Estimates the heritability of a binomial trait

Description

Estimates the narrow-sense heritability of a binomial trait and calculates a p value by randomization.

Usage

h2Estimate(data,nreps=1000)

Arguments

data

a (non-empty) numeric matrix with three columns. The first two should contain the trait data (number of occurances of each outcome type) and the third should contain the group ids.

nreps

a (non-empty) numeric value indicating the number of resamples to perform when calculating the emperical p value.

Details

Estimates the narrow-sense heritability of a binomial trait. This function works by fitting two models, one with and one without a random-effect of sire. These models are compared by randomizing the sire ids nreps times and re-fitting the model. For each of the nreps model pairs, a deviance is calculated and a "p value" estimated by comparing that distribution of deviance to the observed. The heritability is approximatly tau2/(tau2+(pi/sqrt(3))^2), where tau2 is the random-effect variance due to sire.

Value

Returns a list. The list contains:

h2

The estimated narrow-sense heritability. The narrow-sense heritability is approximatly tau2/(tau2+(pi/sqrt(3))^2), where tau2 is the random-effect variance due to sire.

pval

The probability that the best-fit model includes an extra variance term for sire (random effect of dad).

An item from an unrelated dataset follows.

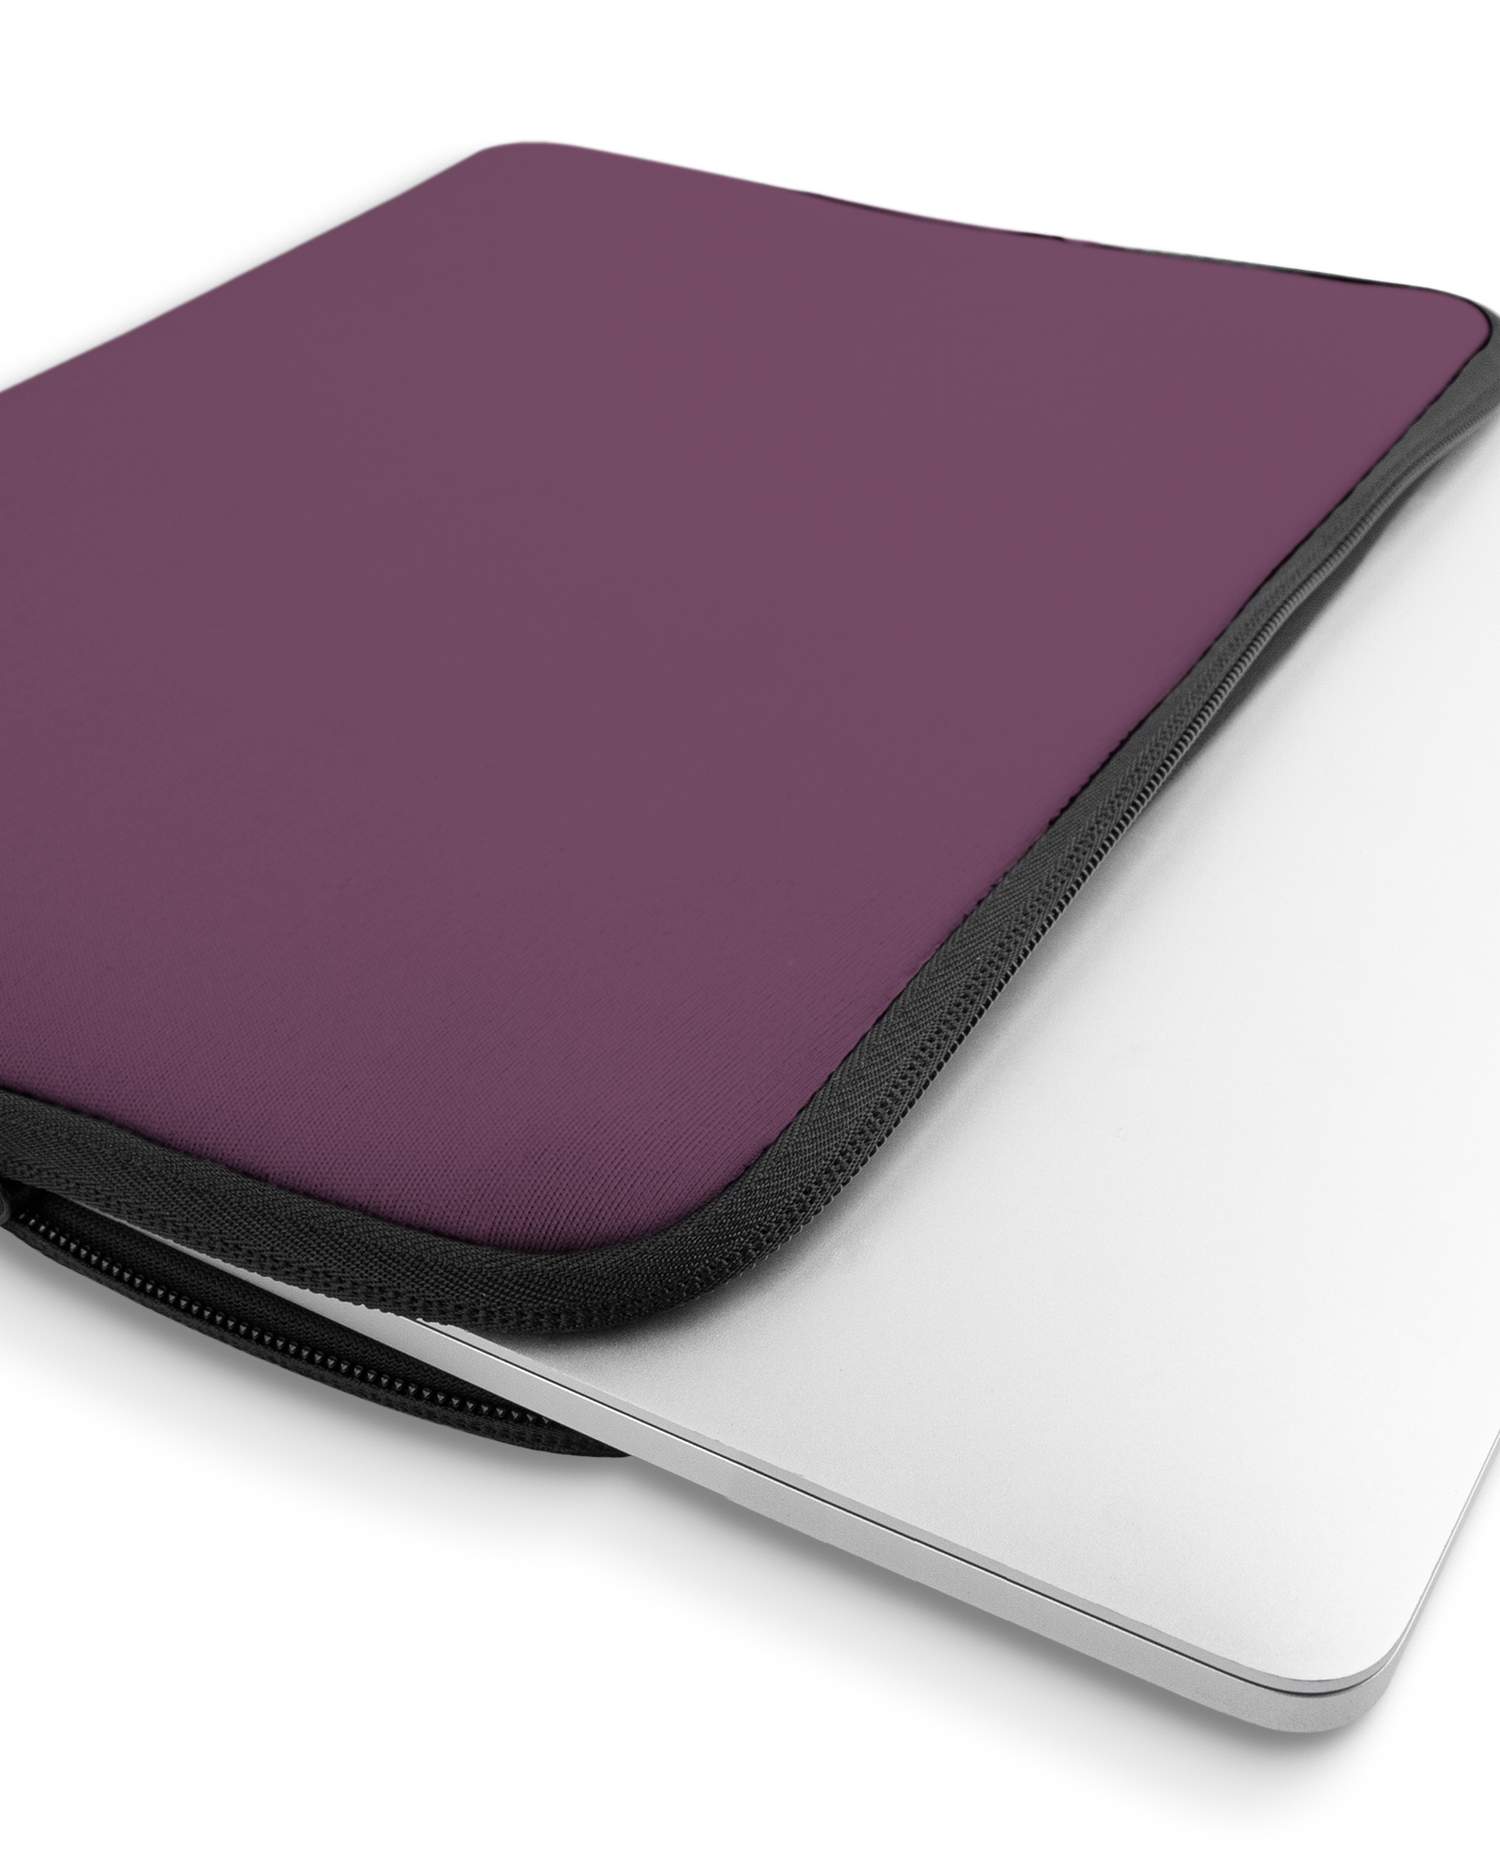 PLUM Laptop Case 16 inch with device inside

The value is calculated by comparing the deviances from nreps number of randomized model comparisions.

deviance

The deviance between a null model without a random effect of dad and a model with.

sim

The simulated deviances used in calculating the p value in pval.

obsMod

The glmer model object resulting from the observed data.

Examples

#non-zero heritability
	ndads <- 18
	mm <- 4
	vv <-  6
	tau2 <- 2.5
	nbins <- 3
	
	mylogit <- function(x) log(x/{1-x})
	ilogit <- function(x) 1/{1+exp(-x)}
	
	swimprob <- ilogit(rnorm(ndads, 0, sqrt(tau2)))
	mytable <- NULL
	for(i in 1:ndads) {
		bincounts <- pmax(1,rnbinom(nbins, mu = mm, size = mm^2/{vv-mm}))
		swim <- rbinom(3, bincounts,swimprob[i])
		set <- bincounts - swim
		theserows <- data.frame(set=set,swim=swim, Dad = i, Bin = 1:nbins)
		mytable <- rbind(mytable, theserows)
	}
	
	est <- h2Estimate(mytable,nreps=10)
	
	print(est$h2)
	
	#zero heritability
	ndads <- 18
	mm <- 4
	vv <-  6
	tau2 <- 0
	nbins <- 3
	
	mylogit <- function(x) log(x/{1-x})
	ilogit <- function(x) 1/{1+exp(-x)}
	
	swimprob <- ilogit(rnorm(ndads, 0, sqrt(tau2)))
	mytable0 <- NULL
	for(i in 1:ndads) {
		bincounts <- pmax(1,rnbinom(nbins, mu = mm, size = mm^2/{vv-mm}))
		swim <- rbinom(3, bincounts,swimprob[i])
		set <- bincounts - swim
		theserows <- data.frame(set=set,swim=swim, Dad = i, Bin = 1:nbins)
		mytable0 <- rbind(mytable0, theserows)
	}
	
	est0 <- h2Estimate(mytable0,nreps=10)
	
	print(est0$h2)

A function to visualize the results of a MANOVA

Description

The function produces an interaction plot to demonstrate the results of a MANOVA using the function interaction.plot.

Usage

IntPlot(Scores, Cov.A, Cov.B, pvalues = rep(1, 8), int.pvalues = rep(1, 4))

Arguments

Scores

A (non-empty) numeric matrix of principle component scores or raw data.

Cov.A

A (non-empty) bivariate factor vector indicating the factor for each row in Scores

Cov.B

A (non-empty) bivariate factor vector indicating the factor for each row in Scores

pvalues

An optional vector of p values for each covariate across Scores. The length of pvalues must equal the number of columns in Scores times 2.

int.pvalues

An optional vector of p values for each interaction. The length of int.pvalues must equal the number of columns in Scores.

Value

a list of plots stored as grid plots.

See Also

interaction.plot

Examples

data(Scores)
data(CondA)
data(CondB)

pvals<-c(0.03,0.6,0.05,0.07,0.9,0.2,0.5,0.3)
int.pvals<-c(0.3,0.45,0.5,0.12)

IntPlot(Scores,CondA,CondB,pvalues=pvals, int.pvalues=int.pvals)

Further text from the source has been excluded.